Another economic factor that seems to have contributed to the changes in the eighteenth-century political landscape is the intensification of global trade because of European demand for cash crops such as cotton, silk, and grain. The emergence of port towns at the expense of traditional inland commercial centers reflected a shift in trade patterns toward the sea. The point here, however, is that integration into the world market brought about what is usually expected of the integration into the world market: new avenues for political and economic power. The ascendancy of the tribal strongman al-Zahir al-'Umar (d. 1775) is a case in point. Having monopolized the cotton trade in Palestine, al-'Umar managed to garner the strength—and audacity—to challenge Ottoman rule from his newly fortified costal town of Acre. As we shall see, al-'Umar was ubiquitous in the region and consequently in the chronicles of the time. Often cast as the villain, but sometimes as the good ally—depending on who is reporting—al-'Umar eluded the representatives of Ottoman rule for a long time. Whether the good guy or the bad, al-'Umar rebelled with style, which made him the subject of epiclike narrations of the variety we will encounter in Chapter 5.
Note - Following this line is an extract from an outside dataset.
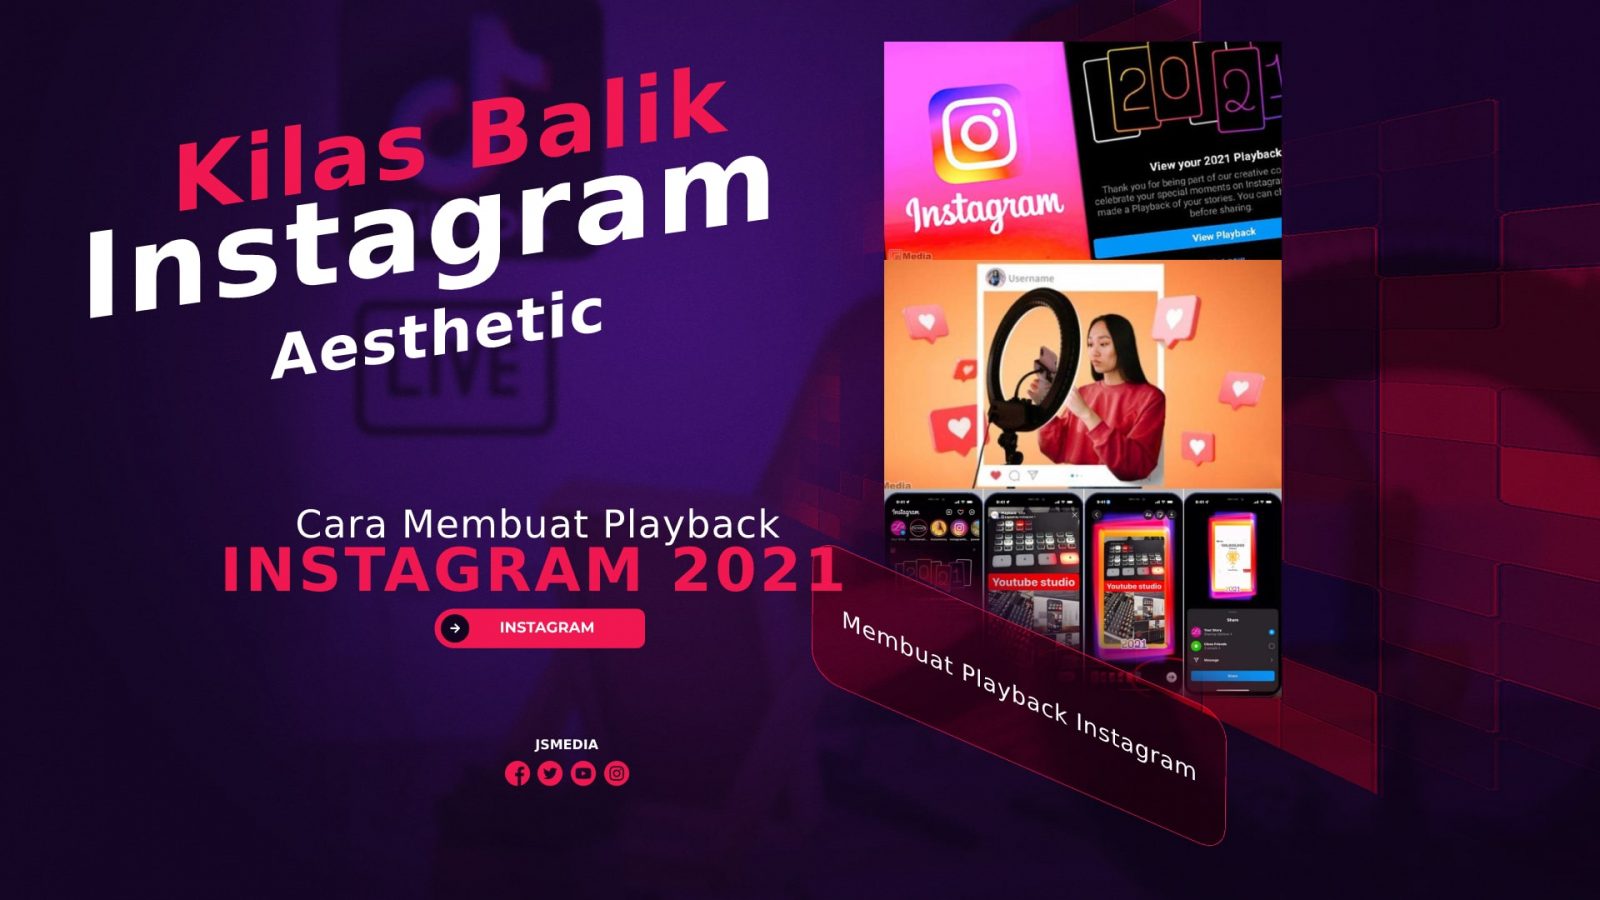 Cara Membuat Playback Instagram 2021, Kilas Balik IG

The Levantine eighteenth century was also about a new sectarian order, which manifested itself in the rise to prominence of the Greek Catholic community. The origin of these dreaded schismatics—as the Greek Orthodox held them to be—dates back to the late seventeenth century, but their dominance in the subsequent century is intimately intertwined with their active role in the reinvigorated Mediterranean trade. Through conversion to Catholicism, this community sought to free themselves from the control of the Orthodox Patriarchate in Constantinople. Significantly, the community rose at the expense of their former co-religionists the Greek Orthodox, but by the end of the eighteenth century they had also superseded the local Jewish community, especially the Farhi family, who were hitherto the preferred custom collectors and financiers.

Thus far, I have described the new order in terms of "rise" and "fall," which are the current terms in modern scholarship. However, these stories of rise and fall should not be seen as isolated trends in an otherwise unchanged society. Rather, I will argue that the emergence of new figures, families, and groups reflected a larger and deeper social flux, in which both the "middling sort" (say, a barber, a farmer, or a minor soldier) and the culturally nondominant (say, a Greek Orthodox priest or a Samaritan scribe) also experienced or stood to experience change in social position. In order to integrate nonnotables into the picture, one must readjust the view such that the focus is less on the fact and identity of the new elite and more on the mode and place of their operation, that is, on the dynamic of family patronage and its base, the elite household.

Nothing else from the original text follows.